- [What you are asked to do] When you reach the line with "At 1Win, get a special bonus for betting." in the listing below, transcribe it and each line after it up to and including the line with "legend bhagat singh", exactly and with nothing else.

- [Data under study]
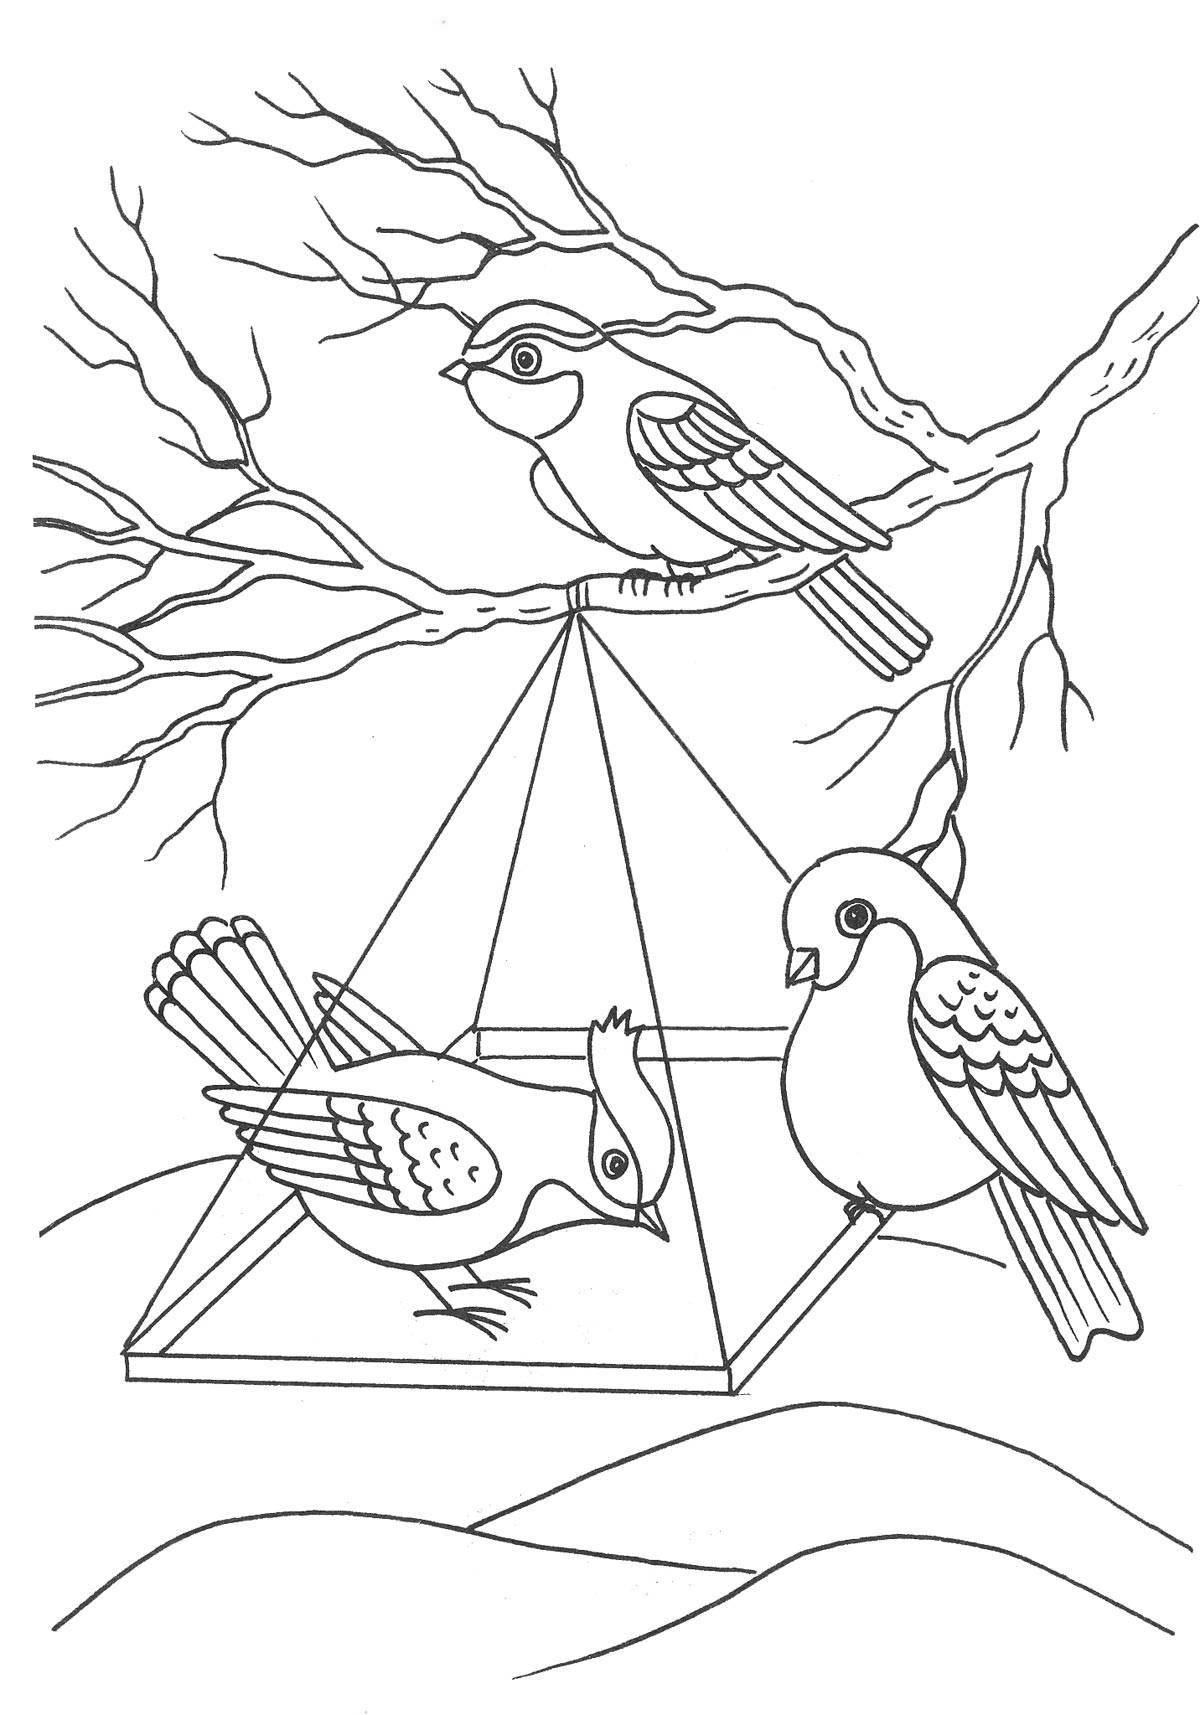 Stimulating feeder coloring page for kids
--
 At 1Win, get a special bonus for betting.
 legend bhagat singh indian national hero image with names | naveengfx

- [Response below]
 At 1Win, get a special bonus for betting.
 legend bhagat singh indian national hero image with names | naveengfx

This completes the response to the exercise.